Apr 29, 2022 | AIJAC staff

Russia's Foreign Minister Sergei Lavrov hosts Iran's Foreign Minister Hossein Amir-Abdollahian in January: A new Iran nuclear deal would be a boon to Russia and allied anti-democratic forces (Photo: ITAR-TASS News Agency / Alamy Stock Photo)
Russia's Foreign Minister Sergei Lavrov hosts Iran's Foreign Minister Hossein Amir-Abdollahian in January: A new Iran nuclear deal would be a boon to Russia and allied anti-democratic forces (Photo: ITAR-TASS News Agency / Alamy Stock Photo)

Update from AIJAC

04/22 #03

 

Numerous news reports, such as this one from Politico, are saying that the talks about a renewal of the Joint Comprehensive Plan of Action (JCPOA) nuclear deal with Iran have now “reached a complete standstill.” The main sticking point is an Iranian demand that the US lift a terrorist designation on the Islamic Revolutionary Guard Corps (IRGC) – a demand not directly relevant to the terms of the nuclear deal – which the US Administration is apparently refusing. This Update looks at this frozen state of play in the talks, including the IRGC controversy.
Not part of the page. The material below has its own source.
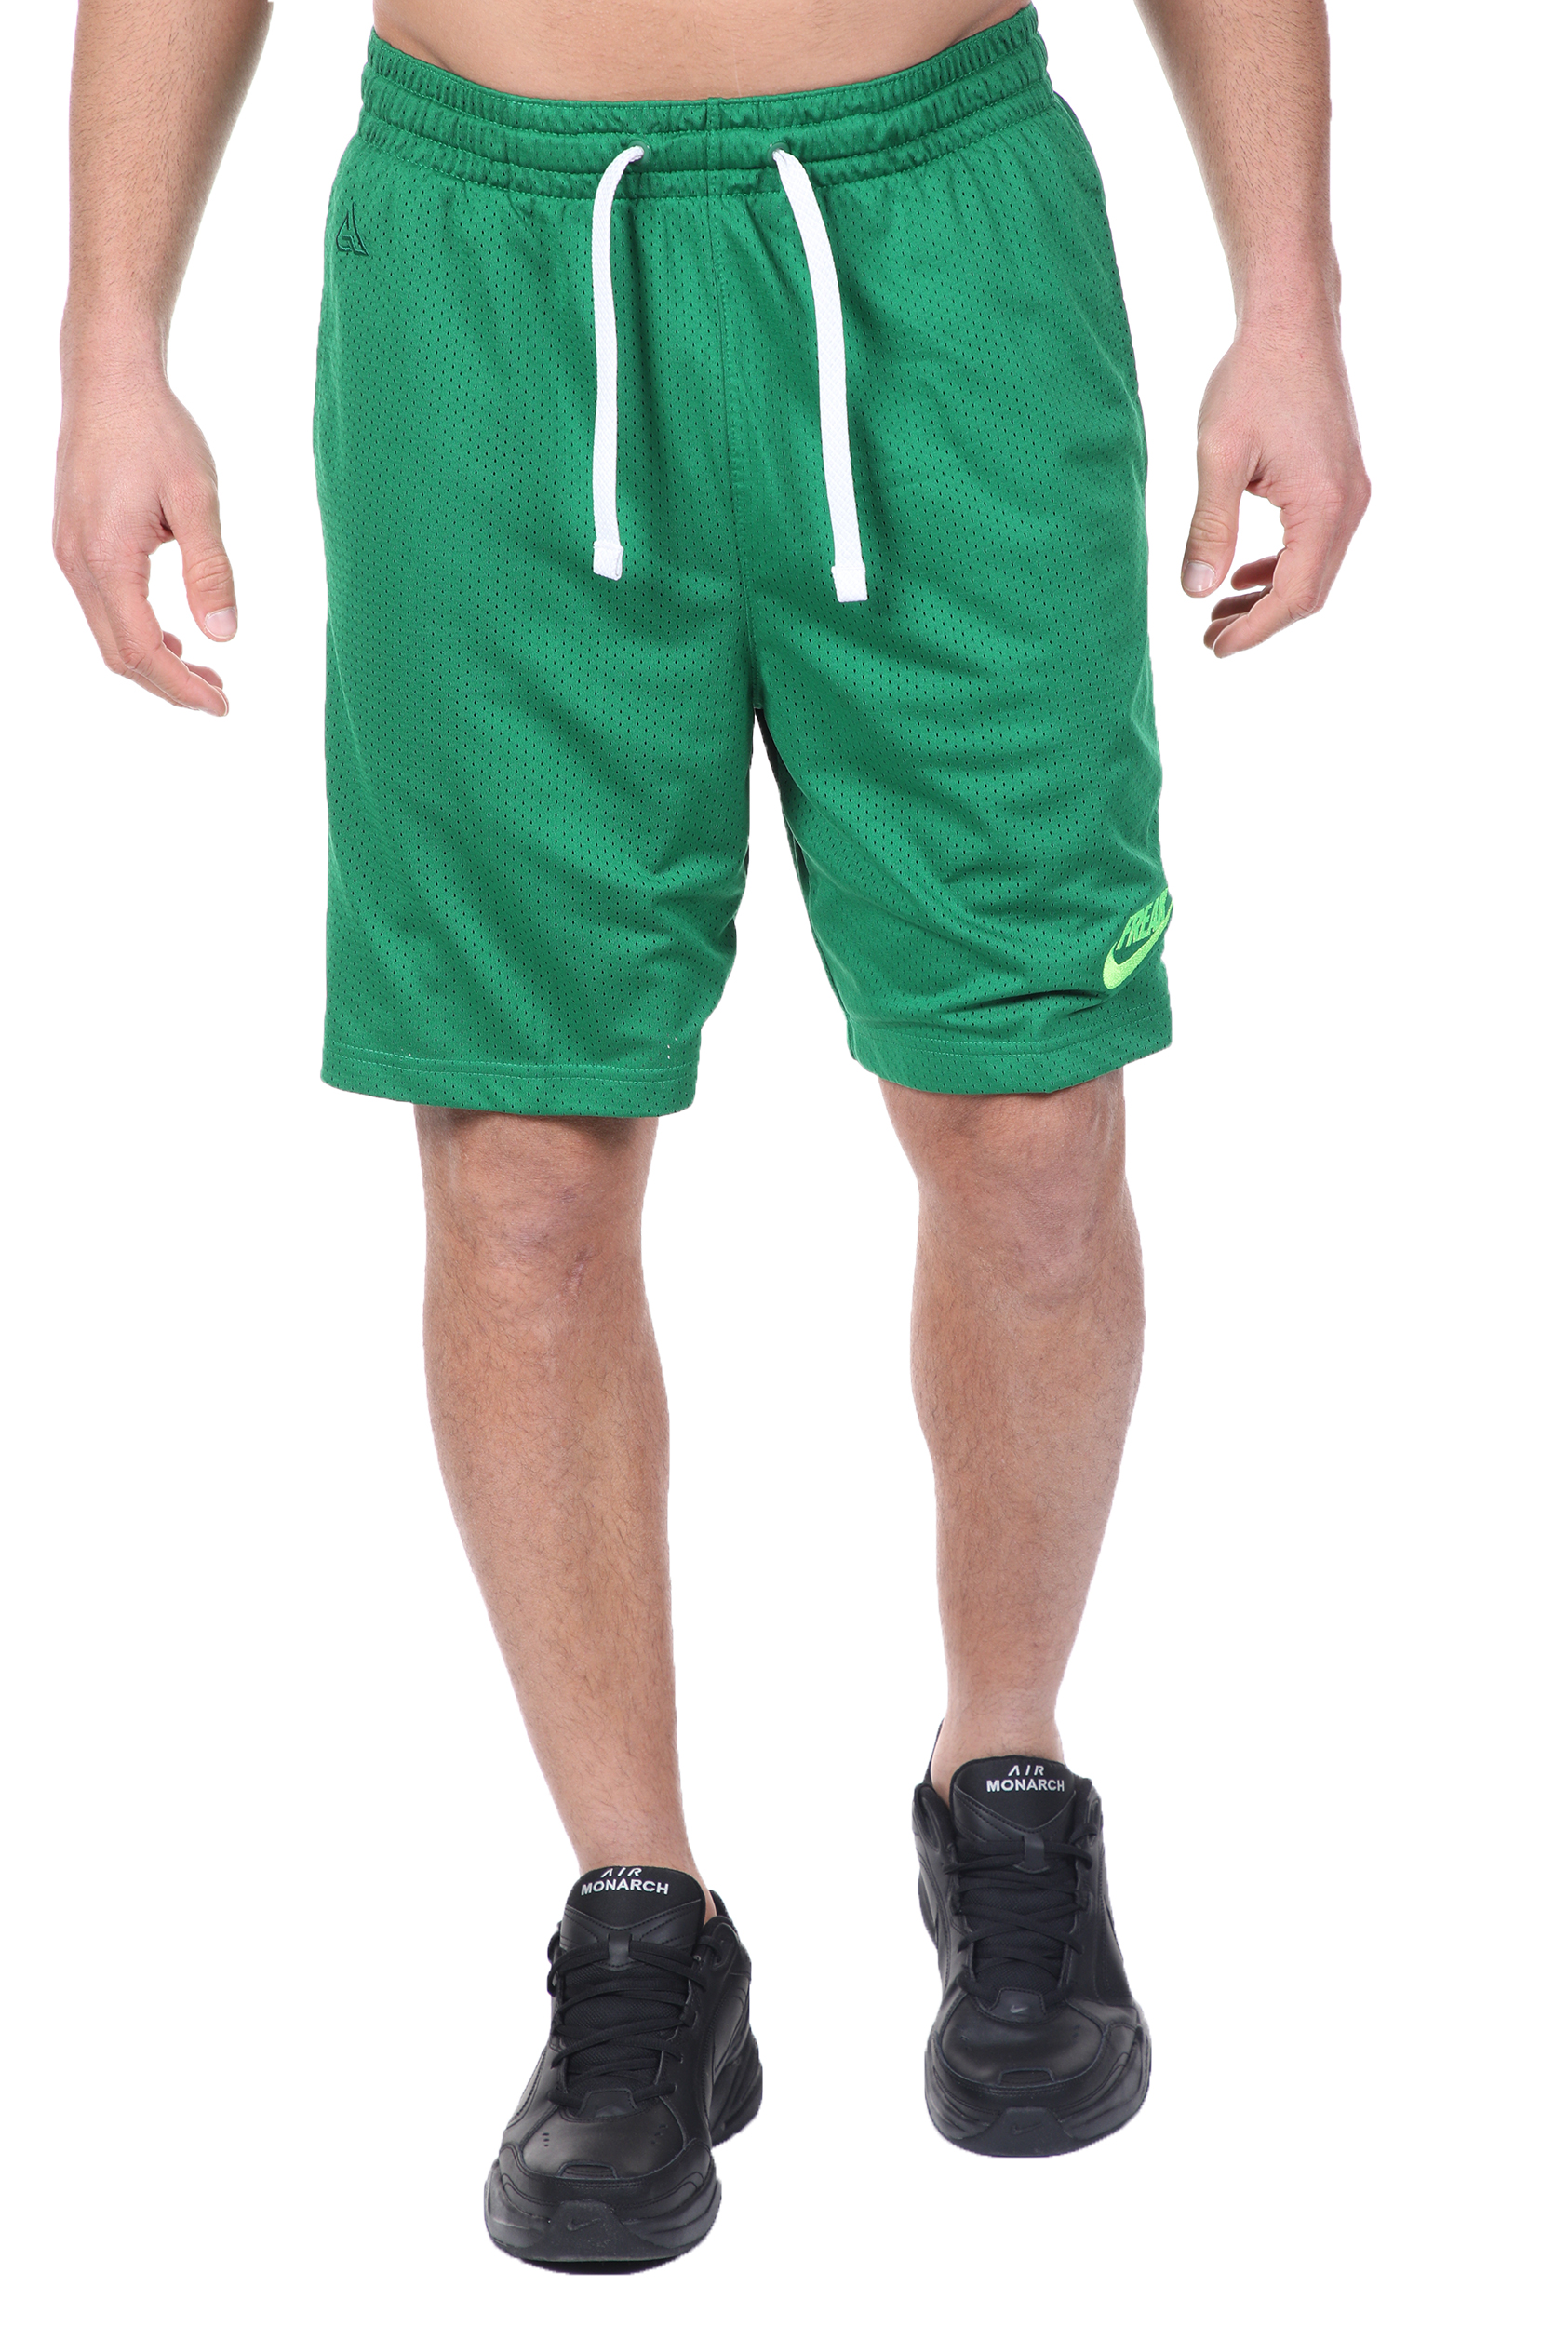 NIKE Ανδρική βερμούδα basketball NIKE FREAK GIANNIS πράσινη

We lead with a valuable summary of current developments in the talks from the Washington think tank JINSA. It assembles the various signs that the US Biden Administration has decided not to accede to Teheran’s demand regarding the IRGC  – unless there is a reciprocal concession on a non-nuclear issue from Iran. It also highlights the growing pressure facing the Administration from critics of its stance on the Iran nuclear issue from both major US political parties in the US Congress. For this essential backgrounder on the current situation in the nuclear talks, CLICK HERE.

Next, American Iran analyst Jason Brodsky weighs into the debate about lifting the terrorist designation of the IRGC. He especially focuses on “so-called” creative solutions, – such as proposals to lift the ban on the IRGC but keep one on the Quds Force, the IRGC’s extraterritorial wing. He strongly argues that the Quds Force is not separate from the IRGC, but its “beating heart”, and a terrorist designation on the whole Corps is both justified and highly necessary. For all the details of his argument,  CLICK HERE.

Finally, columnist Ben Cohen makes the argument that a return to the JCPOA would be a major blow to the new consensus among democracies that has been forged in the wake of the Russian invasion of Ukraine. He notes that any such deal would require a major role for Russia, despite efforts to isolate and sanction it in all other international forums. Moreover, he adds, a deal would empower an Iranian regime which is very much an ally of Moscow and of the wider authoritarian bloc of which Russia is a key part. For Cohen’s full explanation of the likely global effects of a new nuclear deal, CLICK HERE.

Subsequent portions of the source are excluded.